The former first lady, senator and secretary of state also has said she can’t afford to not tap the big money from super PACs that’s needed to compete in the post-Citizens United campaign environment.

The Clinton campaign did not respond to questions about the FEC complaint.

Vermont Sen. Bernard Sanders, who is running to Mrs. Clinton’s left to challenge her for the Democratic presidential nomination, has vowed not to let super PAC money tarnish his campaign.

Mrs. Clinton has a huge lead in the polls and is considered the party’s all-but-inevitable presidential nominee, allowing her to largely ignore Mr. Sanders and other potential rivals.

Correct the Record (CTR), which operates exclusively online through a website and social media, insisted that it follows the letter of the law.

“This complaint is without merit,” Adrienne Watson, communications director for Correct the Record, said after reviewing the complaint. “Correct the Record’s work would not be an in-kind contribution to the campaign, so long as we do not violate the definition of coordinated communications.”

Correct the Record’s website provides talking points and data intended to debunk what it calls “right-wing attacks,” including about the Benghazi terror attack, the book “Clinton Cash” that makes pay-to-play allegations about foreign donations to the Clinton Foundation, reports that Mrs. Clinton did not pay her male and female staff equally and claims that she is a weak defender of gay rights.

In the complaint, FACT argued that the jobs performed by Correct the Record — which the group has described as a “strategic research and rapid response team designed to defend Hillary Clinton from right-wing, baseless attacks” — constitutes services provided to the campaign free of charge.
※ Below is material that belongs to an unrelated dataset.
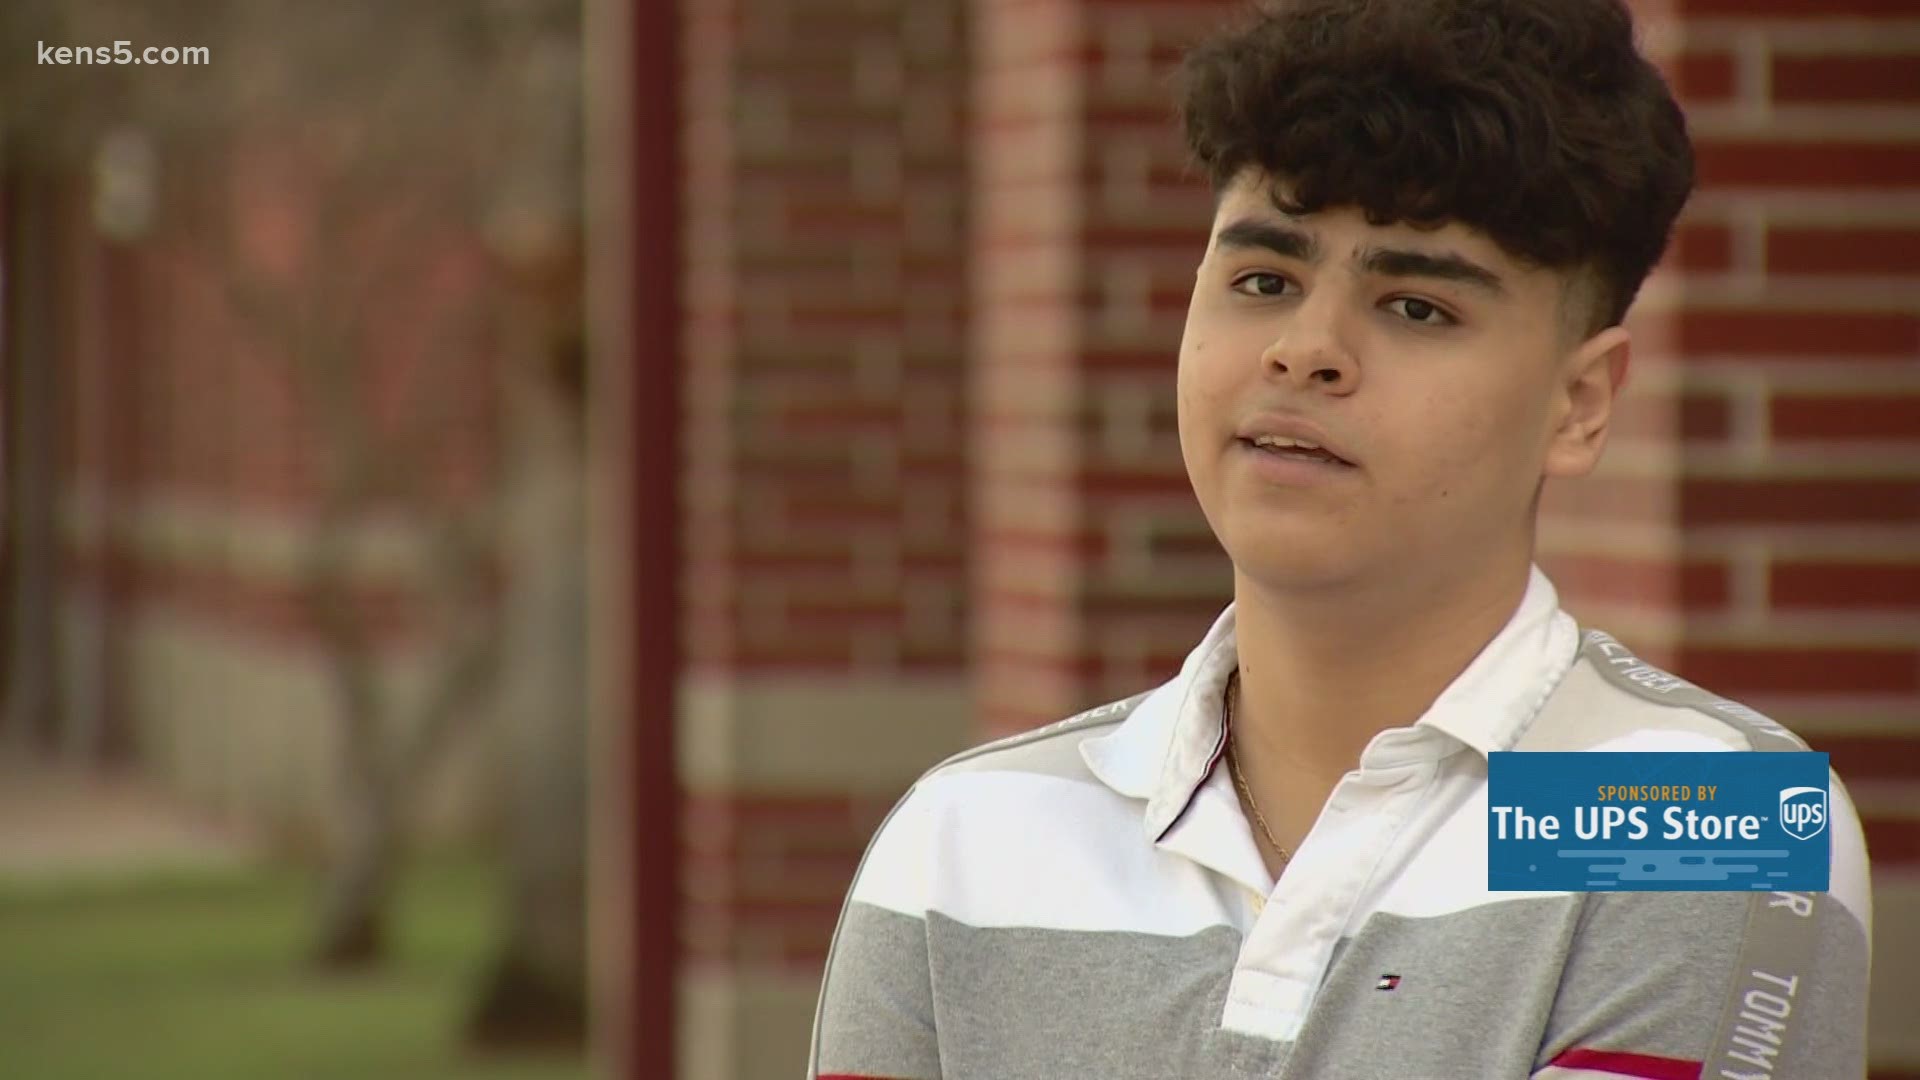 He may only be a 10th grader, but Braulio Sandoval has already exhibited plenty of mettle when it comes to overcoming obstacles.

“The relevant question is not whether CTR PAC engaged in a ‘coordinated communication’ with the Clinton Campaign. Rather, the relevant question is whether CTR PAC’s funding an entire research and rapid response staff working in full coordination with the Clinton Campaign is something of value to the Clinton Campaign, and as such, constitutes an illegal in-kind contribution,” said the complaint.

“For CTR PAC to claim, as it must, that funding the Clinton Campaign’s research and rapid response team provides nothing of value to the Clinton campaign is absurd,” it said. “Under [that] logic, a corporation would be allowed to give a campaign fully coordinated use of its in-house research and communications team, so long as whatever that staff did was distributed online.”

Matthew G. Whitaker, executive director of FACT, said the complaint was a shot across the bow for other super PACs running rampant in the 2016 race.

“It was necessary to get this out there and really prevent it and make sure that no other campaigns on either side thought that this was a good idea,” he said. “This is the first one that we’ve seen publicly announce that they wanted to directly coordinate with the campaign, and we certainly are scanning the horizon looking for anybody else who wants to do coordination with a super PAC.”